Ophthalmic Surgery, Lasers and Imaging Retina

Clinical Science 

Clinical Outcomes of Eyes With Diabetic Macular Edema Switched From Aflibercept to Ranibizumab Therapy

Phoebe L. Mellen, MD; Anthony Obeid, MD, MPH; Turner D. Wibbelsman, BS; Jason Hsu, MD; Michelle A. Konkoly, BS; Michael R. Velez, BA; Daniel B. Calem, BA; Kareem Sioufi, MD; Thomas L. Jenkins, MD; David Xu, MD; Allen Chiang, MD; Omesh P. Gupta, MD; Marc Spirn, MD; Carl D. Regillo, MD; Allen C. Ho, MD; Michael A. Klufas, MD; for the Wills Eye Anti-VEGF (WAVE) Study Group

Abstract

BACKGROUND AND OBJECTIVE:

In 2018, cases of inflammation were reported after intravitreal aflibercept (IVA), which resulted in switches to intravitreal ranibizumab (IVR).
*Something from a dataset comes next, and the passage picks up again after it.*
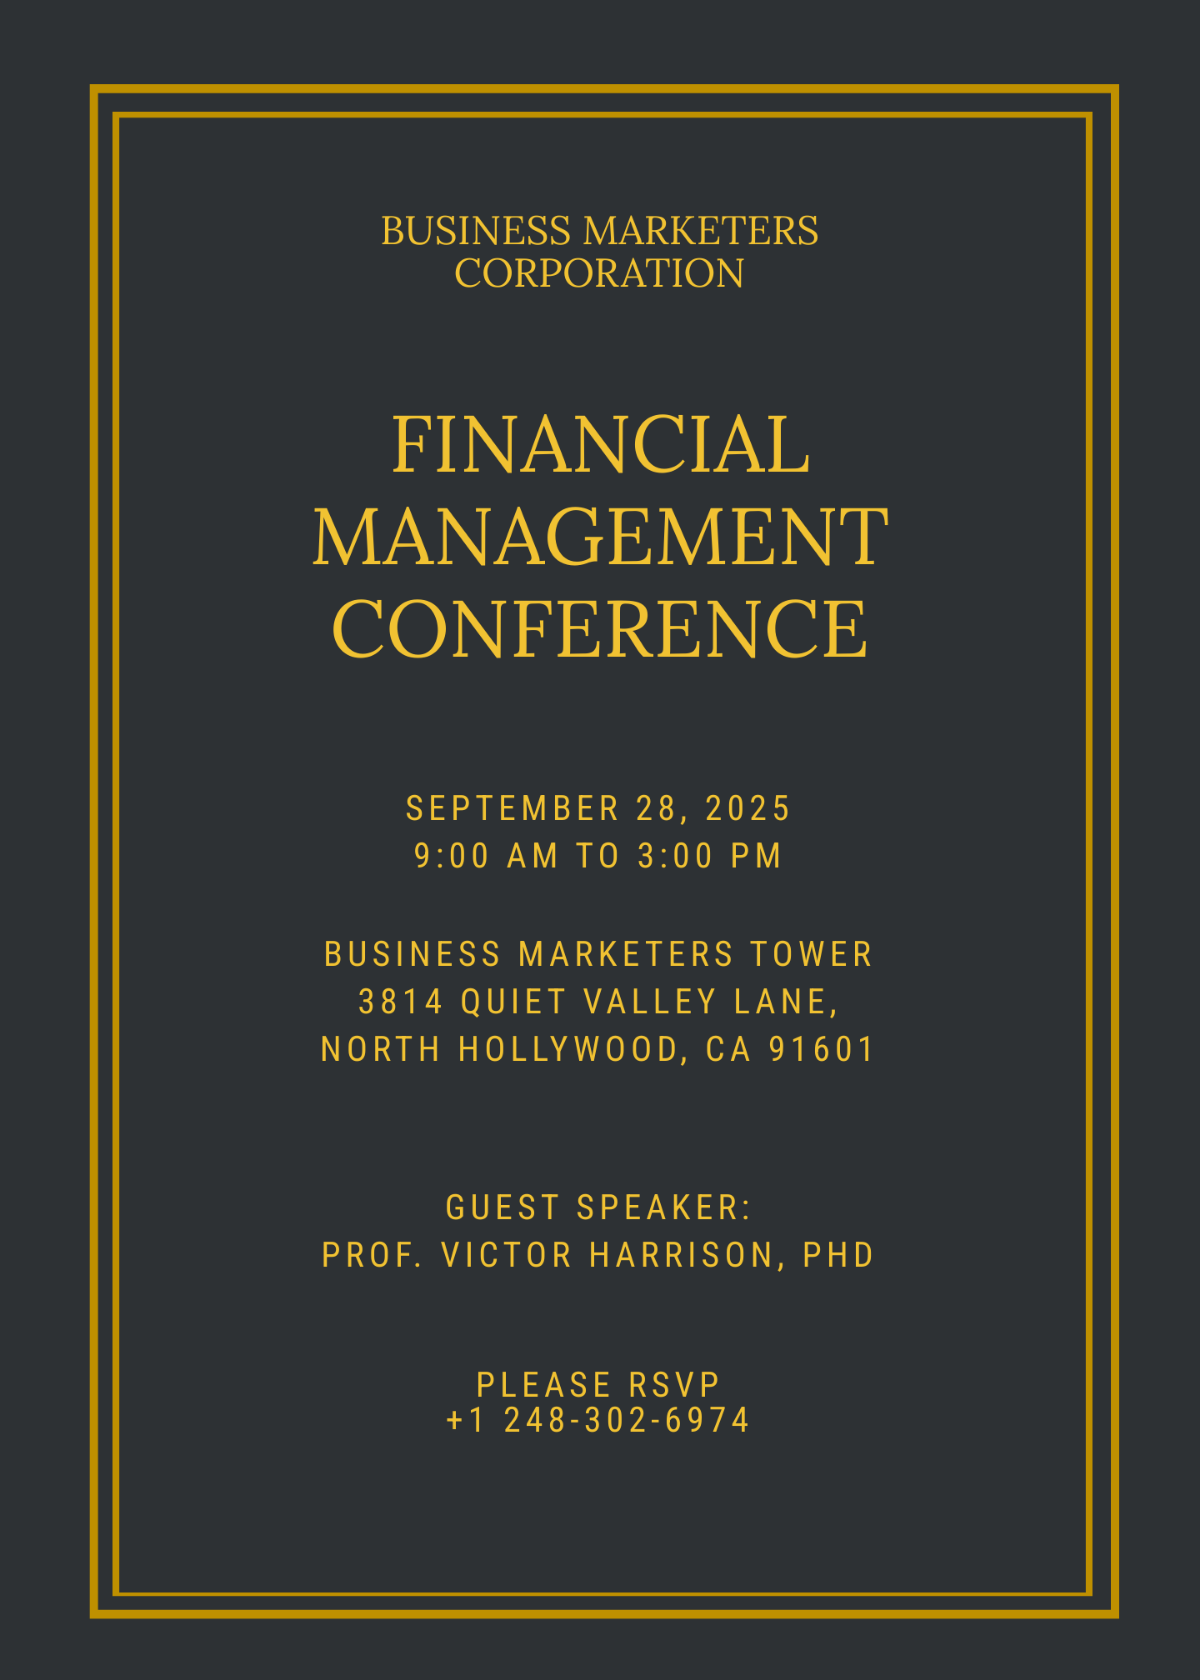 Financial Seminar Invitation Template
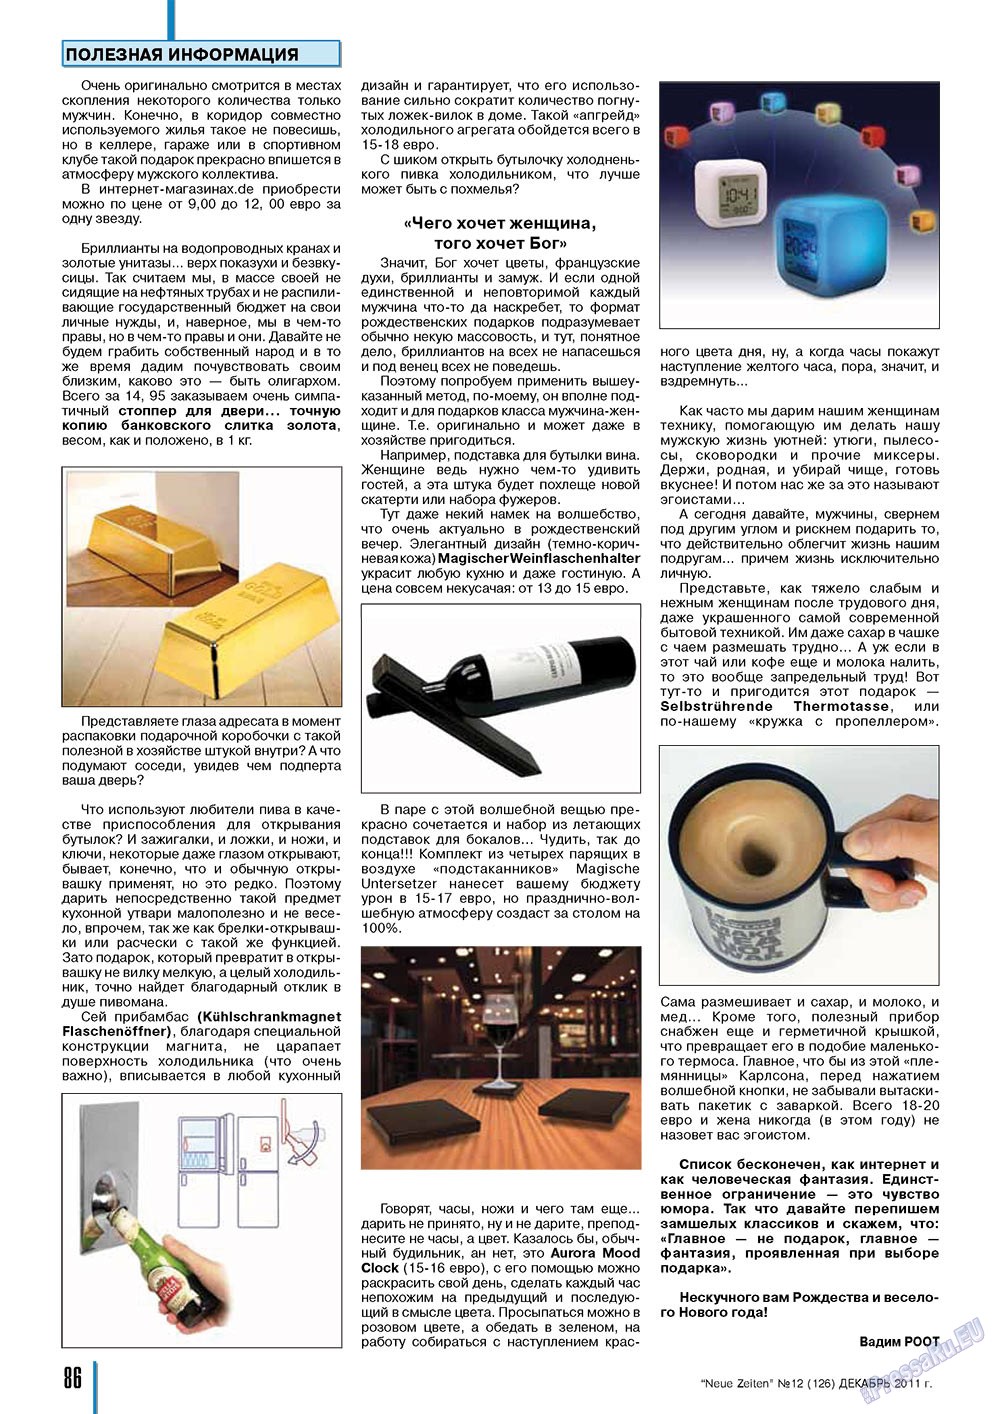 Neue Zeiten (журнал). 2011 год, номер 12, стр. 86

The authors' purpose was to evaluate outcomes after switching from IVA to IVR in diabetic macular edema (DME).

PATIENTS AND METHODS:

Retrospective cohort study. Eyes switched from IVA to IVR for treating DME were included. Data were gathered from three visits before to three visits post-switch. Outcome measures included central subfoveal thickness (CFT) and Snellen visual acuity (VA).

RESULTS:

There was a statistically significant increase in CFT at the first visit (325 μm ± 234 μm; P = .006) compared to the switch visit, but no difference later visits (268 μm ± 103 μm; P = .32; 284 μm ± 118 μm; P = .11; n = 54). There was no statistically significant change in mean logarithm of the minimum angle of resolution VA between the switch and later visits (0.43 ± 0.38, P = .95; 0.38 ± 0.30, P = .12; 0.41 ± 0.37, P = .69).

CONCLUSIONS:

The authors observed transient worsening of macular edema in eyes treated for DME when switched from aflibercept to ranibizumab.

[Ophthalmic Surg Lasers Imaging Retina. 2020;51:691–697.]

Abstract

BACKGROUND AND OBJECTIVE:

In 2018, cases of inflammation were reported after intravitreal aflibercept (IVA), which resulted in switches to intravitreal ranibizumab (IVR). The authors' purpose was to evaluate outcomes after switching from IVA to IVR in diabetic macular edema (DME).

PATIENTS AND METHODS:

Retrospective cohort study. Eyes switched from IVA to IVR for treating DME were included. Data were gathered from three visits before to three visits post-switch. Outcome measures included central subfoveal thickness (CFT) and Snellen visual acuity (VA).

RESULTS:

There was a statistically significant increase in CFT at the first visit (325 μm ± 234 μm; P = .006) compared to the switch visit, but no difference later visits (268 μm ± 103 μm; P = .32; 284 μm ± 118 μm; P = .11; n = 54). There was no statistically significant change in mean logarithm of the minimum angle of resolution VA between the switch and later visits (0.43 ± 0.38, P = .95; 0.38 ± 0.30, P = .12; 0.41 ± 0.37, P = .69).

CONCLUSIONS:

The authors observed transient worsening of macular edema in eyes treated for DME when switched from aflibercept to ranibizumab.

[Ophthalmic Surg Lasers Imaging Retina. 2020;51:691–697.]

Introduction

Diabetic macular edema (DME) is the leading cause of vision loss in patients with diabetes mellitus. During the past 2 decades, the first-line treatment for DME has shifted from focal macular laser photocoagulation to injections of intravitreal anti-vascular endothelial growth factor (VEGF) agents.1 These anti-VEGF agents have shown improved anatomic and functional outcomes when compared to laser therapy.2–4 The three anti-VEGF agents currently used in clinical practice for DME include ranibizumab (Lucentis; Genentech, South San Francisco, CA), aflibercept (Eylea; Regeneron, Tarrytown, NY), and bevacizumab (Avastin; Genentech, South San Francisco, CA), which is off-label for this indication.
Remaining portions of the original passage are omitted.